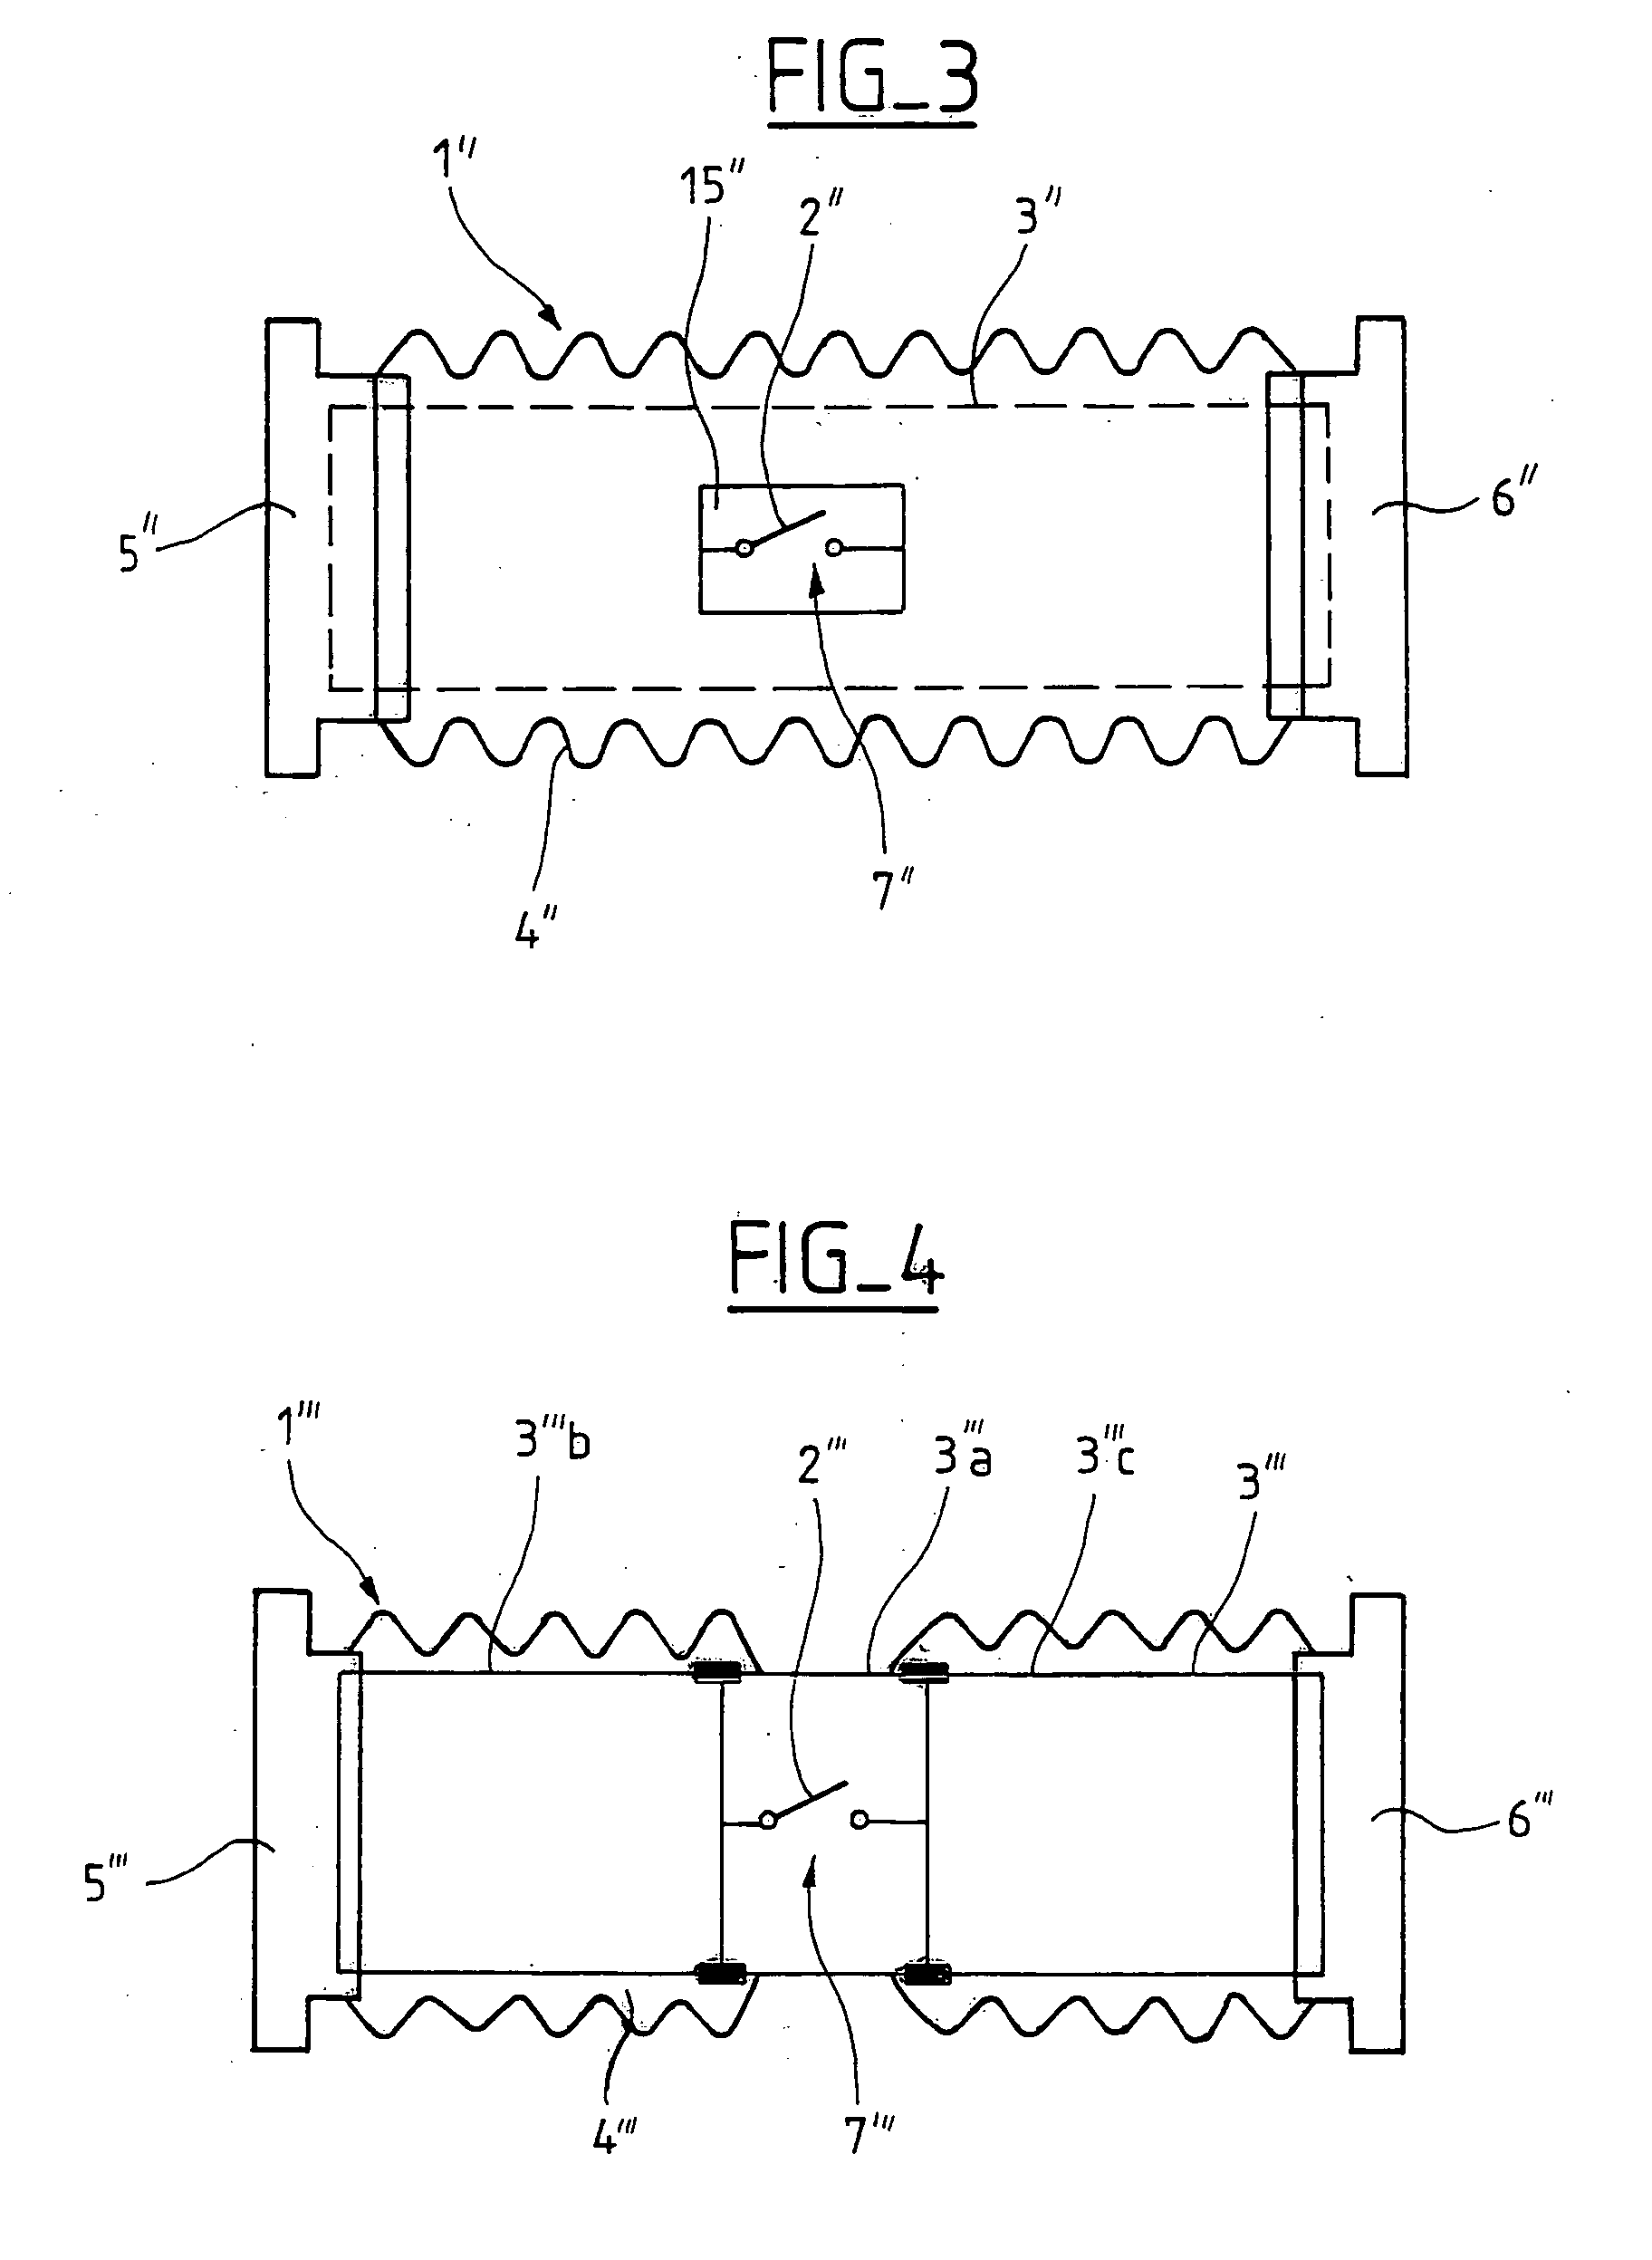 Electrical Device Containing Insulating Gas Under Pressure and Including a Composite Insulator Provided With a Window for Observing Contacts
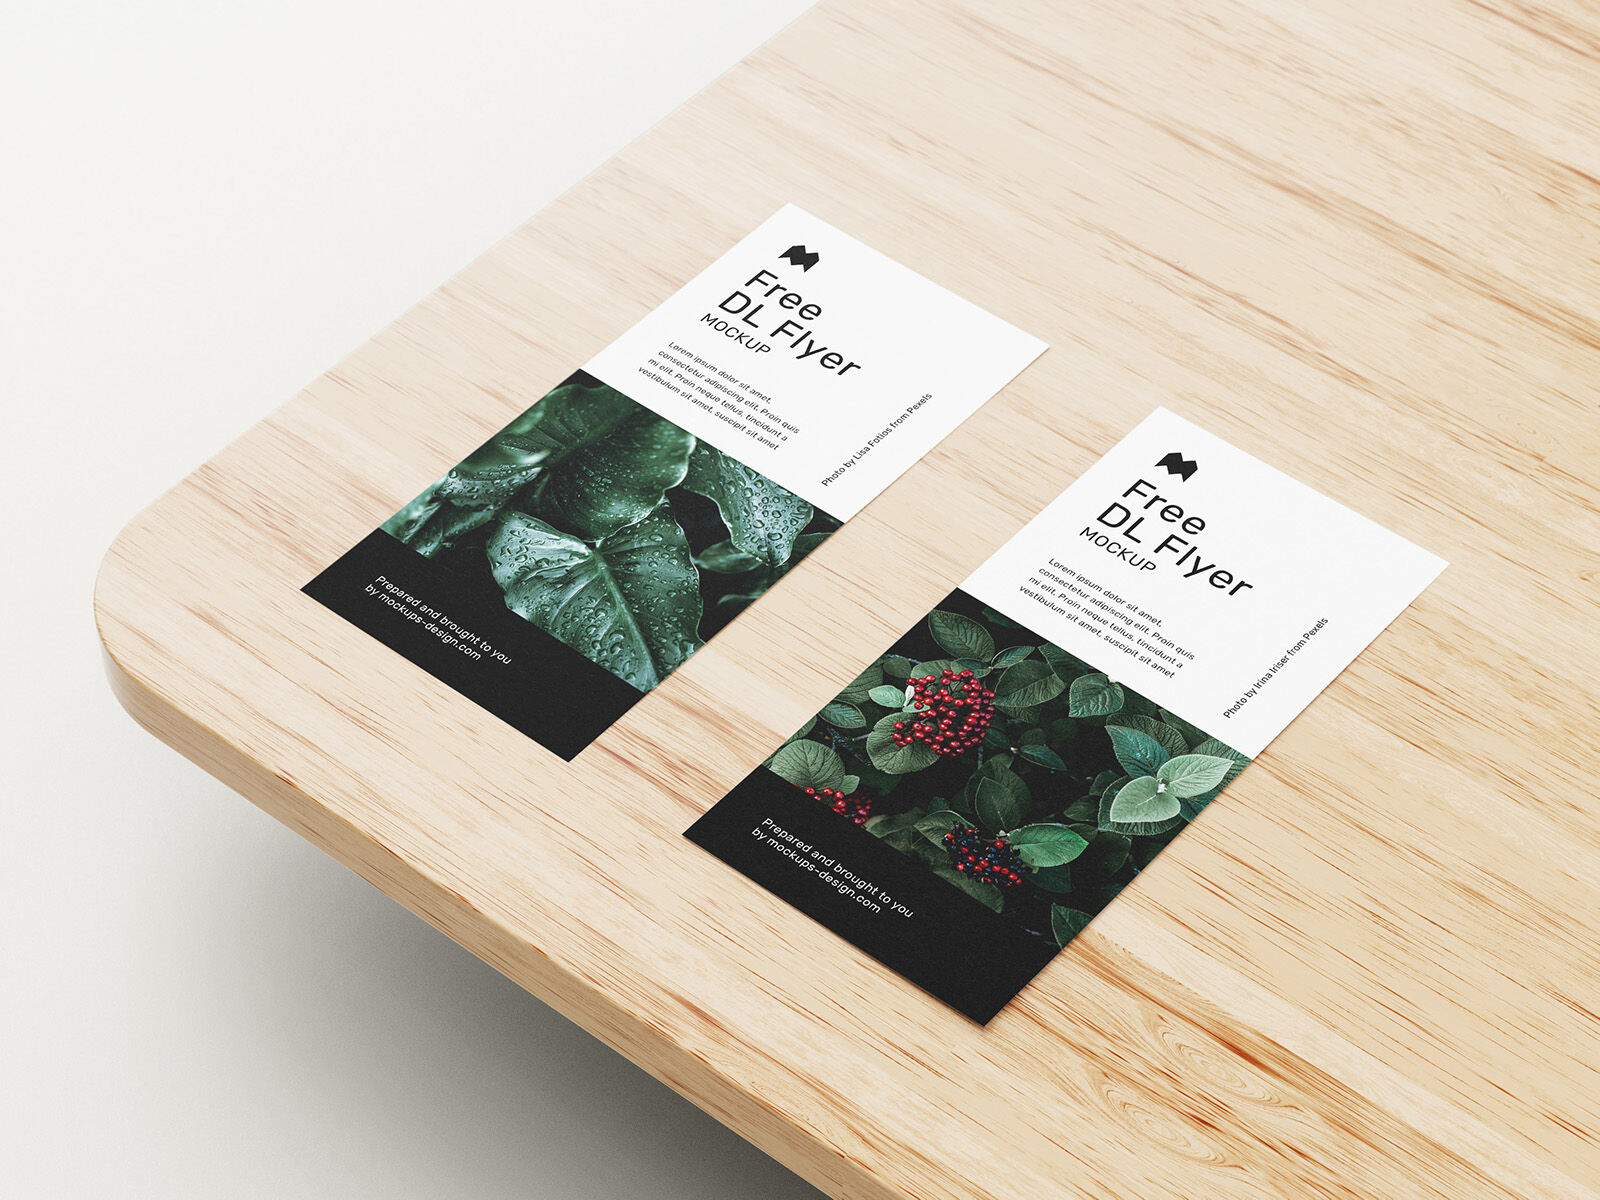 6 Mockups of DL Rack Cards on Wooden Table in Different Views and Positions FREE PSD
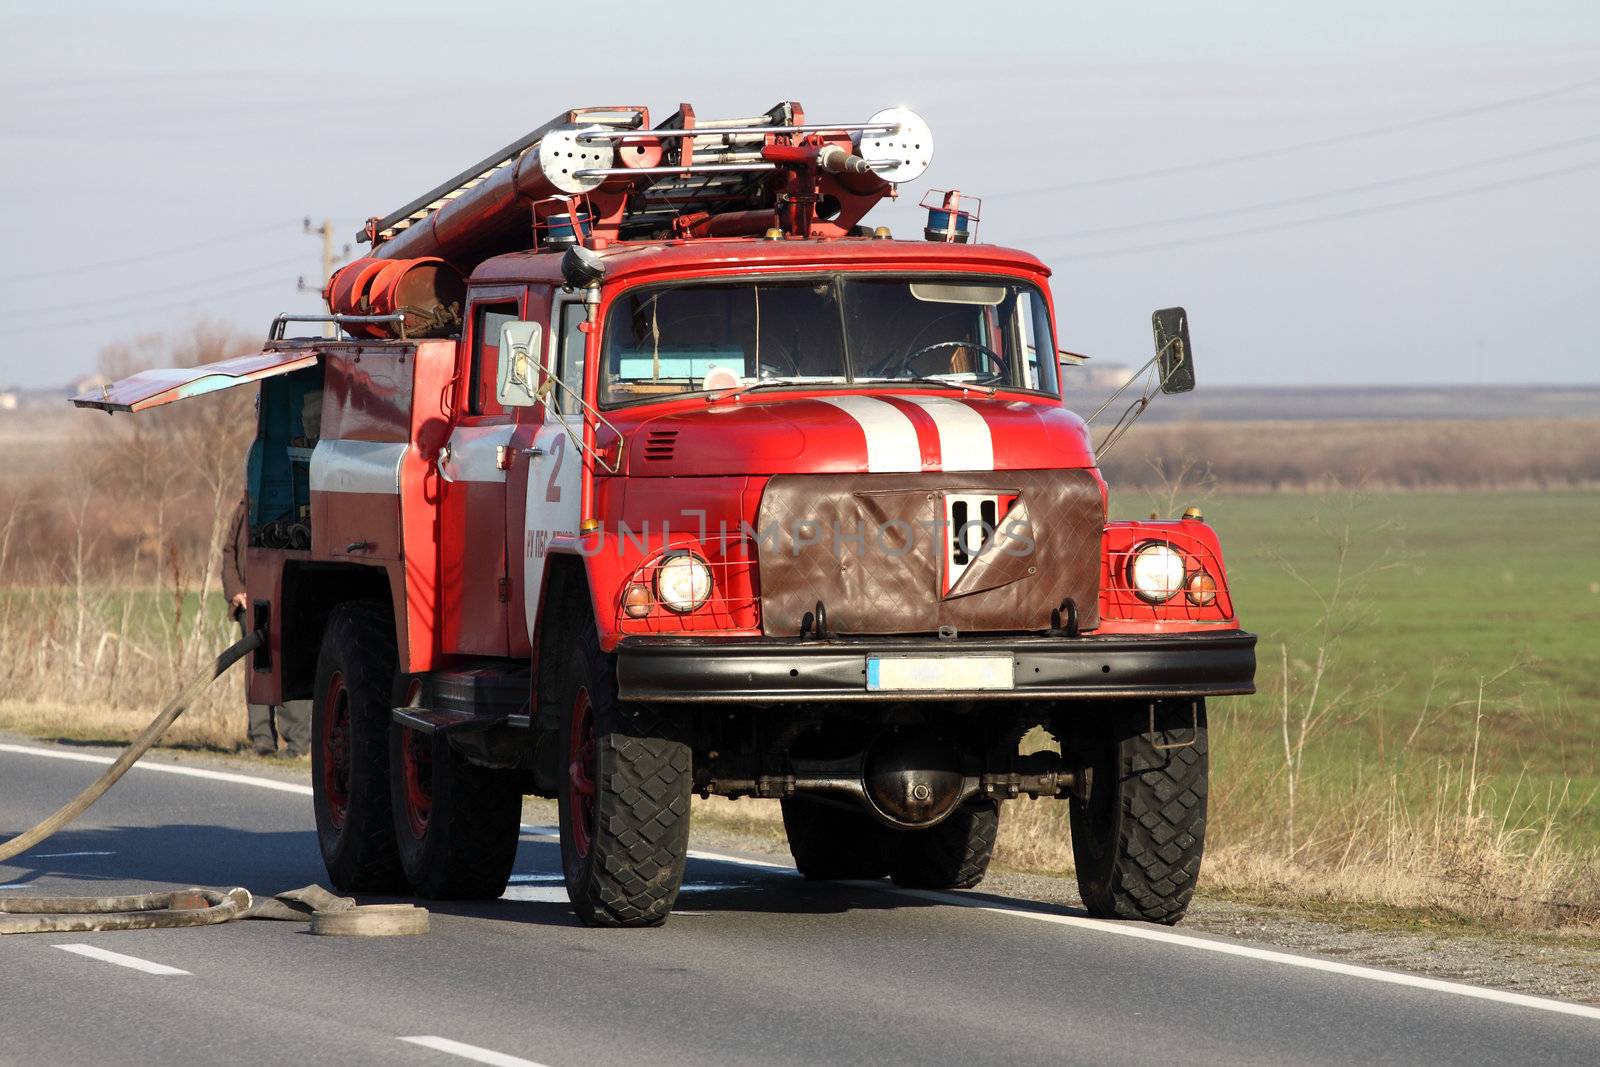 Red Fire Truck in action on the road
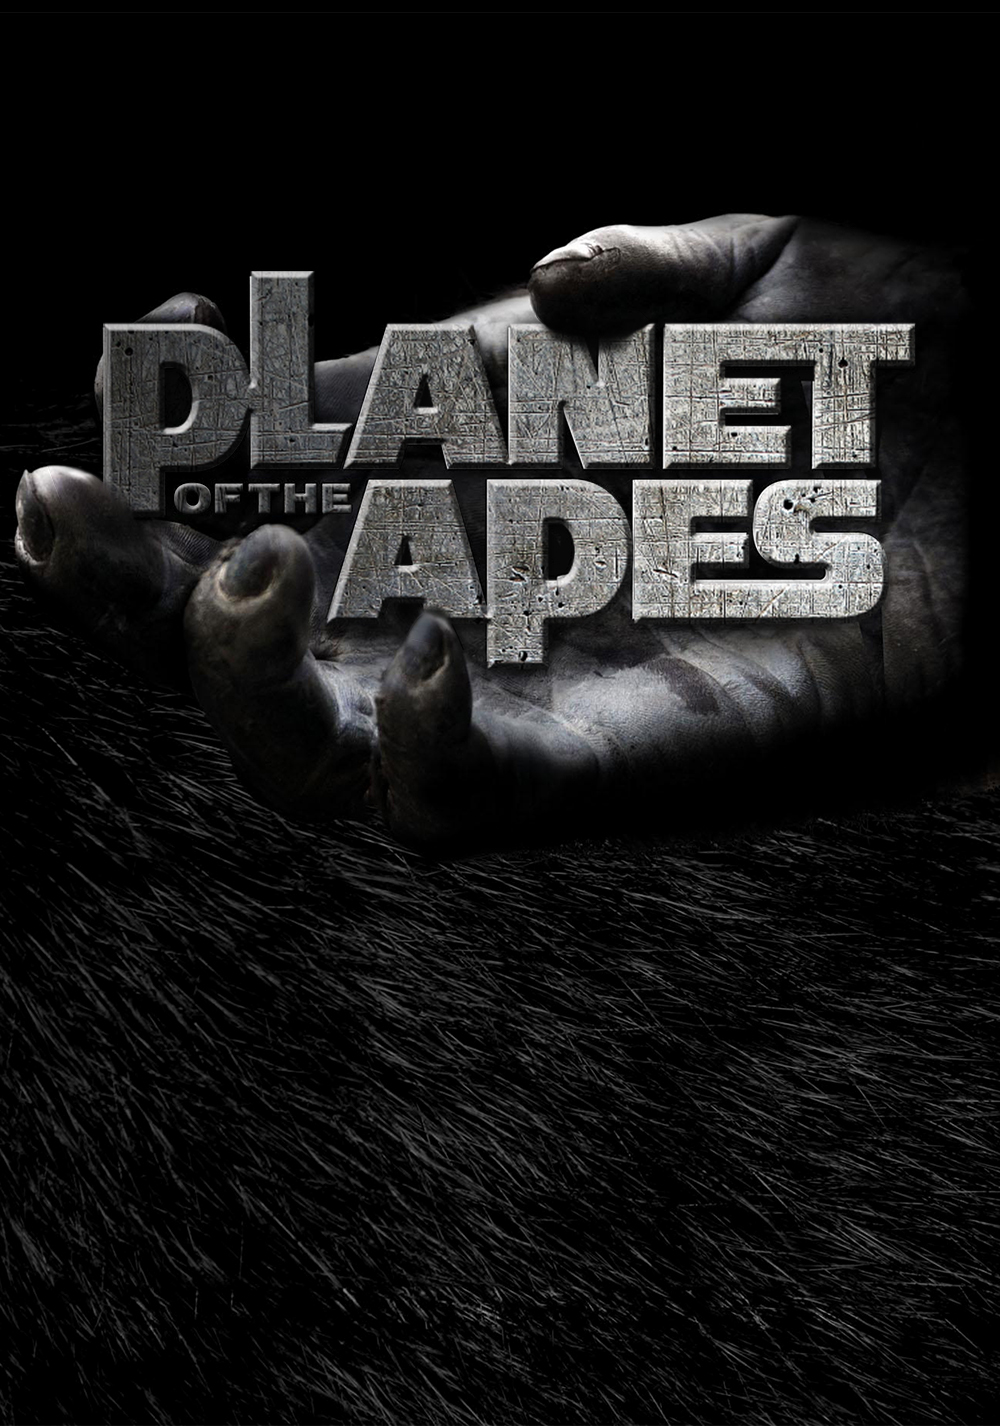 Planet of the Apes (2001) Art

DIRECTIONS:
Once the images are dropped, set down the remaining material word for word.

ANSWER TO THE PROBLEM:
 Electrical Device Containing Insulating Gas Under Pressure and Including a Composite Insulator Provided With a Window for Observing Contacts
 6 Mockups of DL Rack Cards on Wooden Table in Different Views and Positions FREE PSD
 Red Fire Truck in action on the road
 Planet of the Apes (2001) Art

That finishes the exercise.